Senior Vancouver School Board staffers who booked out a month ago on medical leave are beginning to trickle back now that the board has been fired. It reminded me that while comparisons have been drawn between this move by the provincial government to bump off an elected board with the firing that happened in Vancouver 20 years ago, there is one major difference.

Back then, as a couple of those fired trustees now recall, there was no apparent staff dissatisfaction with the way they were being treated. What we saw this time was a revolt of sorts by a half dozen of the most senior in their ranks going on medical leave. Nor was there any concerted effort then by the organization representing school superintendents, school secretary-treasurers and other school boards across the province weighing in on the provincial government’s side.

While the provincial government-appointed trustee back then produced a report once he was on the job, there was no special advisor appointed by the province while the board was still in place — in this case former deputy minister of finance Peter Milburn — nor was there an extensive audit, as in this case by Ernst and Young.

You can blame all that provincial care and attention this time around on the proximity of an election if you choose. Call it “political” if you must, saying the government was just looking for reasons to justify knocking off the board.

But for starters, do note the evidence that the most recently dumped board had some major gaps in its governance process.  

As Milburn pointed out, regarding the evaluation of their most senior employee, “after a careful study of the past seven years, this review has only been able to obtain one performance review of a Superintendent (2011), which appears to have been a self-evaluation.

“The current Superintendent has not received any performance expectations or reviews in the 18 months he has been on the job, despite the fact that his contract requires a performance review to be completed after one year. It appears the Board does plan to conduct a performance evaluation on the Superintendent in the early part of 2017, which would be almost two years after starting in the role.”

It is a basic truism of governance that what you don’t measure you can’t manage. That goes for the board’s failure to measure its own performance, including its strengths and weaknesses, when it came to the skills required to be effective stewards of the Vancouver school district.

You could say the most recent board had difficulty reaching agreement, split these past two years with four Vision trustees and four NPA trustees and the Green Party trustee, a frequent switch hitter.
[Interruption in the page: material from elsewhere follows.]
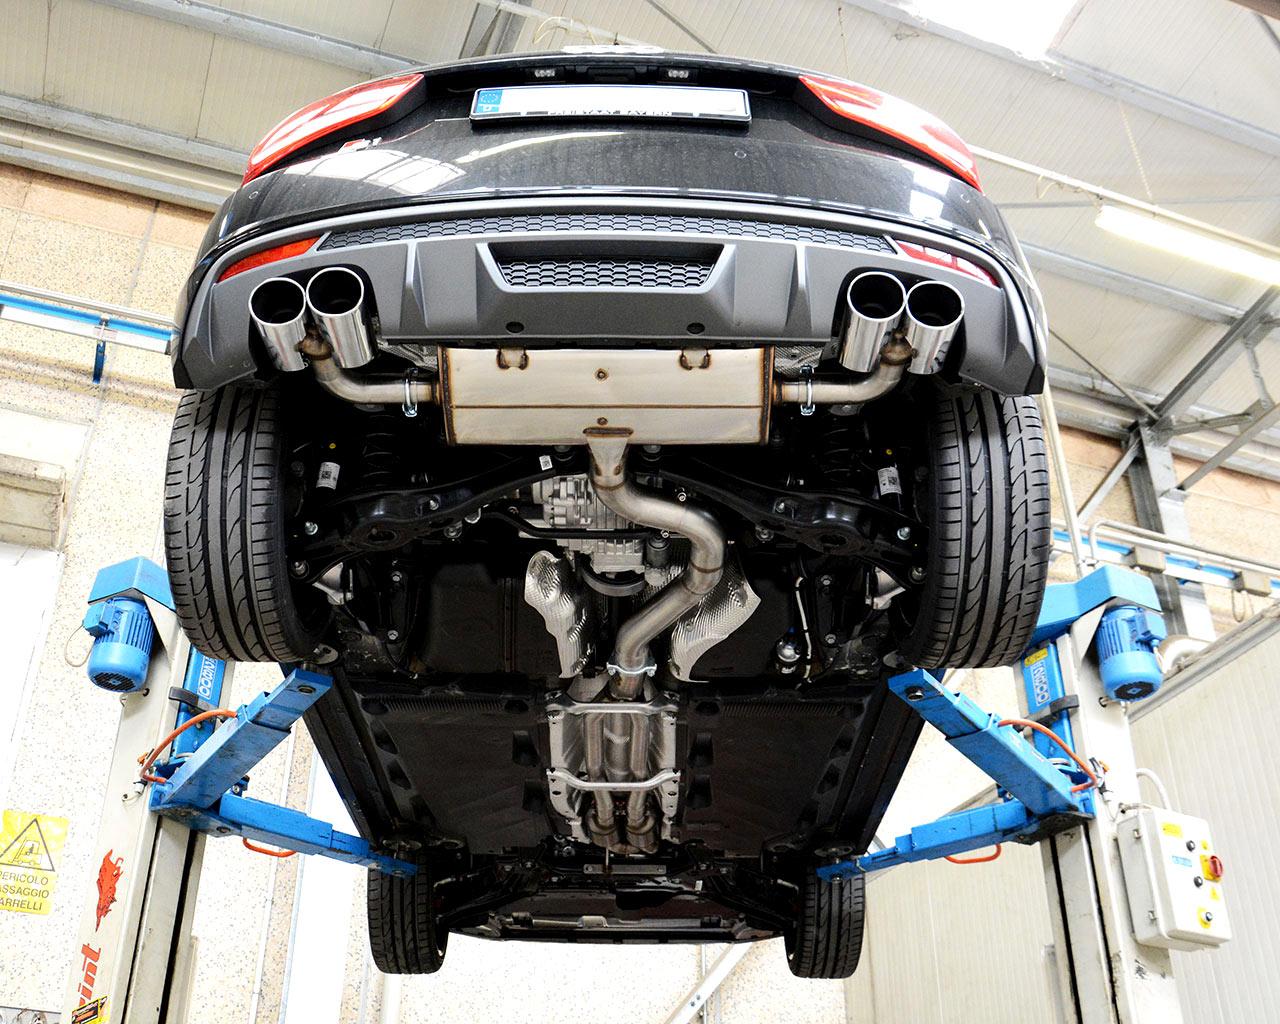 CПБ-ГЛУШИТЕЛЬ - Ремонт-катализатора-сажевого-фильтра-Audi

They were more into beating each other up than helping each other out.

But for the previous six years, Vision held a firm majority with the politically popular Patti Bacchus in the chair.

So there would have been no impediment to implementing those evaluation processes as some other boards, boards that had trustees running on party slates, were able to do.

The majority were, however, more interested in pursuing their role as “advocates,” playing to their supporters and demanding more funding from the province, than they were acting as stewards of the system. Don’t we have among the lowest per-student funding for education of any province in the country, they argued.

The Vancouver School Board over that period of time, however, also failed except once to come up with a strategic plan. And even then, that plan was apparently never held up for assessment against what the organization actually accomplished.

As far as balancing the budget goes, they failed there, too, rejecting suggestions that were ideologically unpalatable to improve revenues and cut expenses.  For three years, expenses outstripped revenues and the board only managed to balance its books by drawing down on previously accumulated surpluses.

It was just a matter of time before they ran out of that extra dough.

While all the other provincial boards managed to govern themselves and their resources in ways that would satisfy their legislated requirement to pass a balanced budget, the majority of Vancouver trustees chose to stall. They chose to make their point as “advocates” while governing in a way that alienated their most senior staff in the process and got themselves fired for good reasons.